Model 4 (fractal) : instead of a soap parabole you decide to have a constant thickness distributed evenly on a fractal drawn on the cube's face (if you don't picture it I will edit something but it should be easy to imagine. Just think of a fractal (like sierpinsky's triangle) and color it on the face of a cube, and imagine there is 1inch of thickness where it is coloured and nothing on the face elsewhere. Vs=ls * FractalArea(la) and Va=la^3. The thing with fractals is that their length/area/volume doesn't follow usual geometry rules. If you have a square and multiply its length by x, its area is multiplied by x^2 (because dimension 2). If it is a cube, the volume is multiplied by x^3. With fractal of dimension d, the area is multiplied by x^d. So when the size of the spore and $ls/la -> 0$, FractalVolume(la) goes like ls * la^d with d between 2 and 3 (because this is a fractal drawn on the 2d surface of the cube). So $Vs/Va = ls*la^d / la^3 = ls / la^(3-d)$. This is not exactly your formula but Im not a fractal specialist nor a foam specialist and the model is not good here, what I have described is impossible in reality (constant thickness). If the thickness was "fractalian" too we could have another formula. But still we see that fractals can bend the relation and have their dimension in the equation.
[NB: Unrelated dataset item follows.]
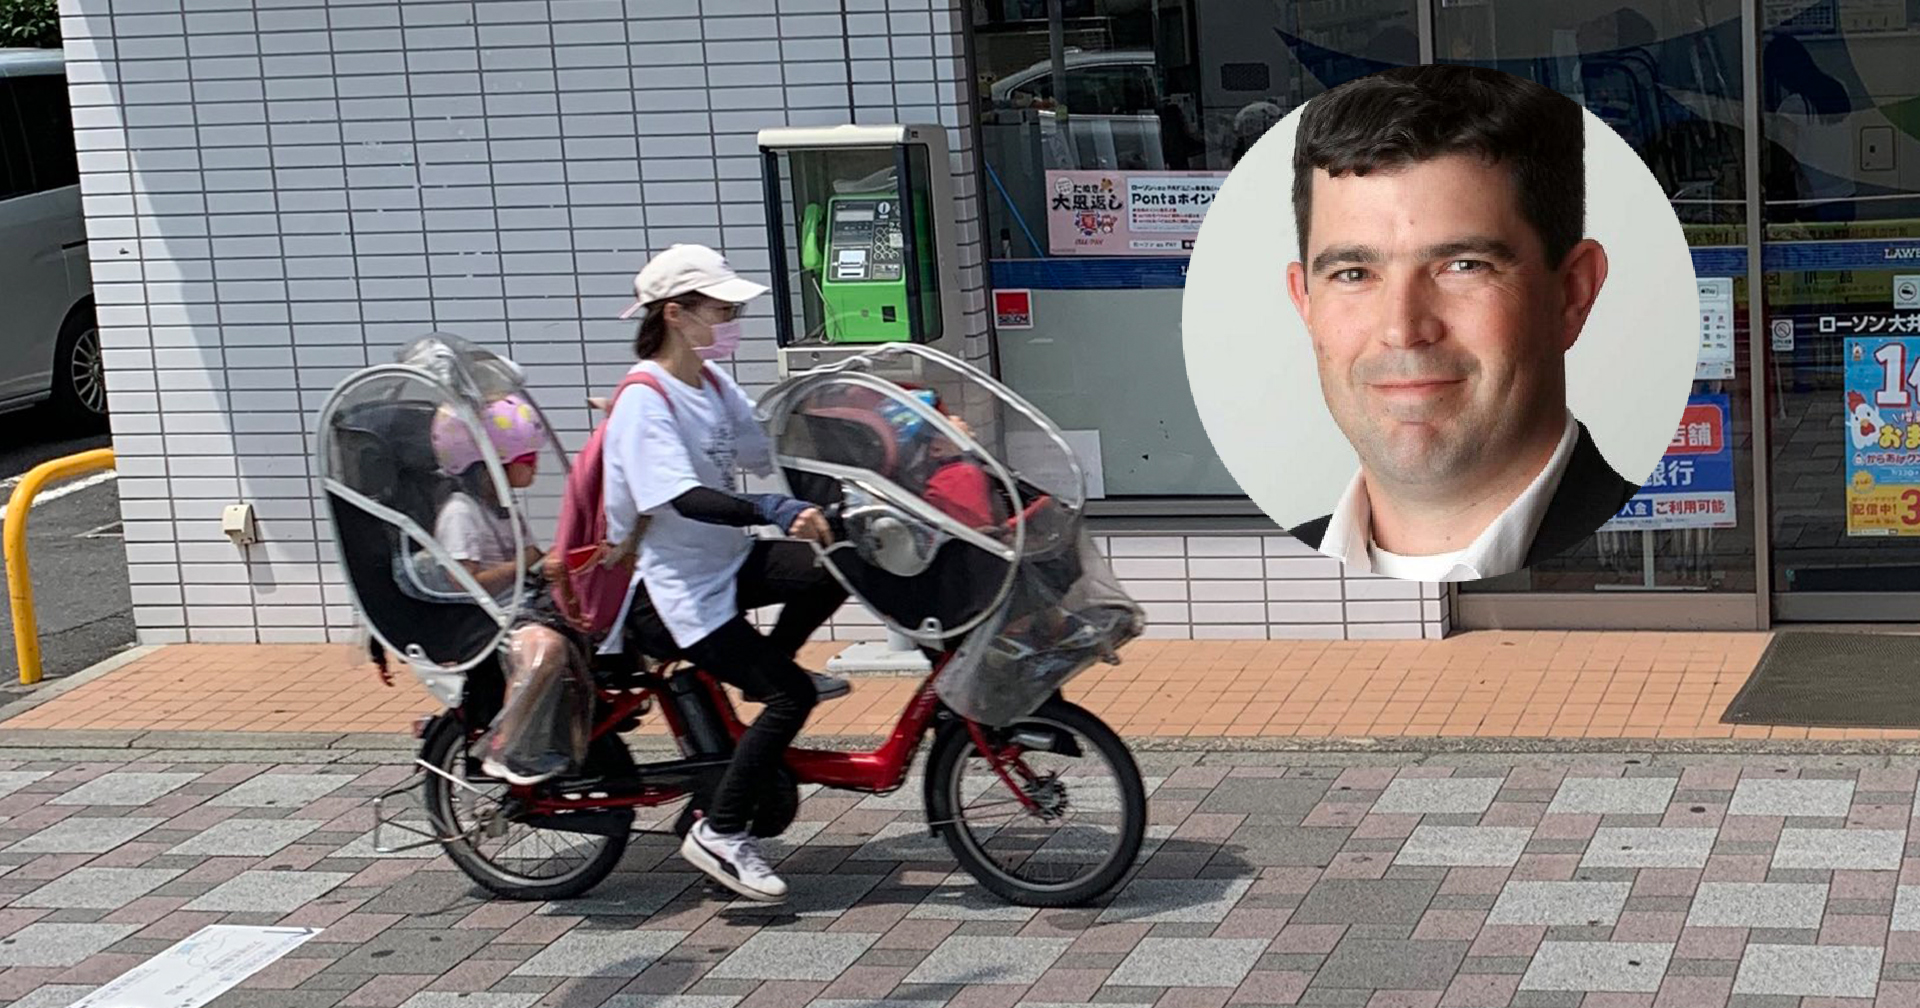 นักข่าวต่างประเทศตกใจ! มาทำข่าวโอลิมปิกเจอจักรยานแม่บ้านญี่ปุ่นทำได้มากกว่าที่คิด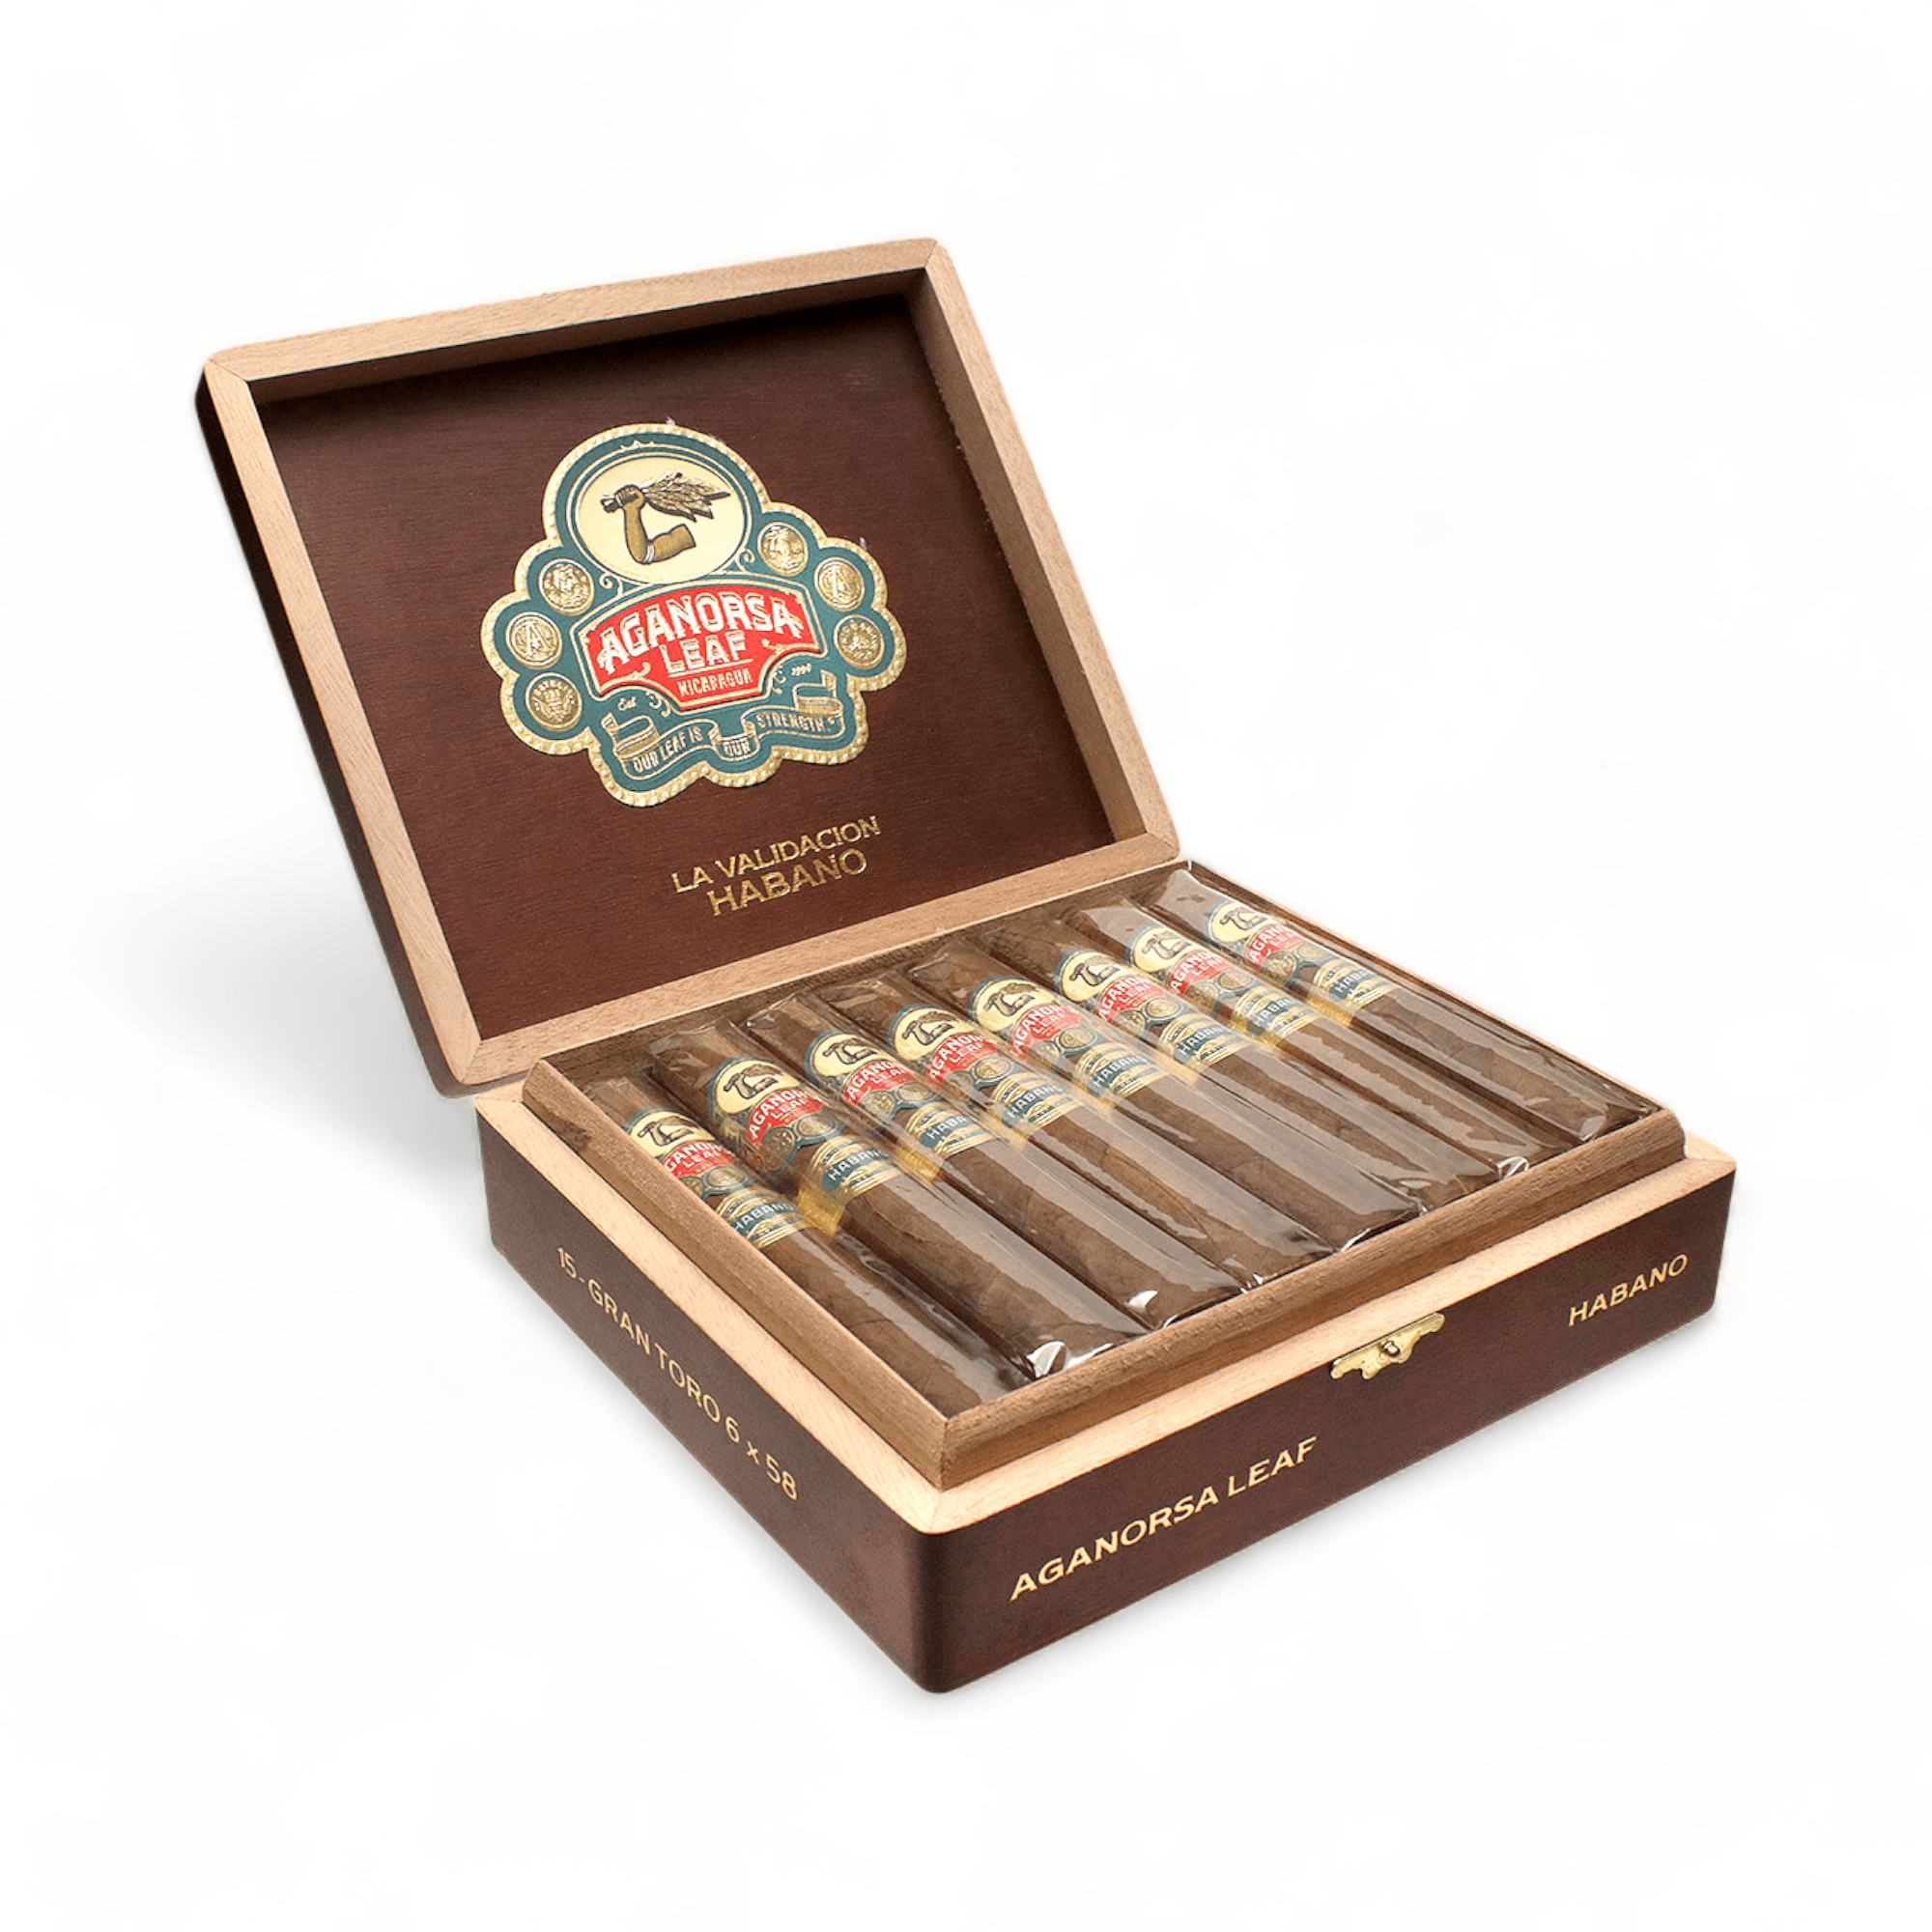 Aganorsa Cigars | La Validacion Habano Gran Toro 6x58 | Box of 15 - hk.cohcigars

If this is too far stretched, just imagine this : Because models 1 and 2 are the extremes (constant surface = matter on 2 dimensions = power of 2 in the approx vs no surface = matter along 1 dimension = power of 1 in approx) you can imagine that when the distribution of the matter is in between this (a lot on the edges and not much on the center of the faces -> string -> power of 1+smthg, a lot everywhere -> power of 2-smthg) you get a constant power in between 1 and 2 (if the distribution is fractalian). If the distribution is anything on the surface that follows some equation, even complicated like cos(x)*sin(y)^2, you will have the (ls/la)^2. The difference between fractals and 2d equations is that the "f(x, y)" changes when you reduce the size of the foam and of the cube (making ls and la -> 0) so at every step it is of the form Vs/Va=C(ls, la)(ls/la)^2 but the constant C(ls, la) will change over time, increasingly if the fractal takes more and more space (bigger dimensions), decreasingly if it is shorter and shorted. And it is this effect that gets factorized into the power
Hope it is clear, don't hesitate to comment on that
http://en.wikipedia.org/wiki/Fractal_dimension
Vihart has a couple of recent videos on fractals and things like size and length related to them. Apart from being really entertaining videos themselves I believe you can gain some insight into your problem.
Doodling in Math Class: Dragon Dungeons
Doodling in Math Class: Dragon Scales
The later part especially talks about how fractals' lengths, areas and volumes scale up when you expand them.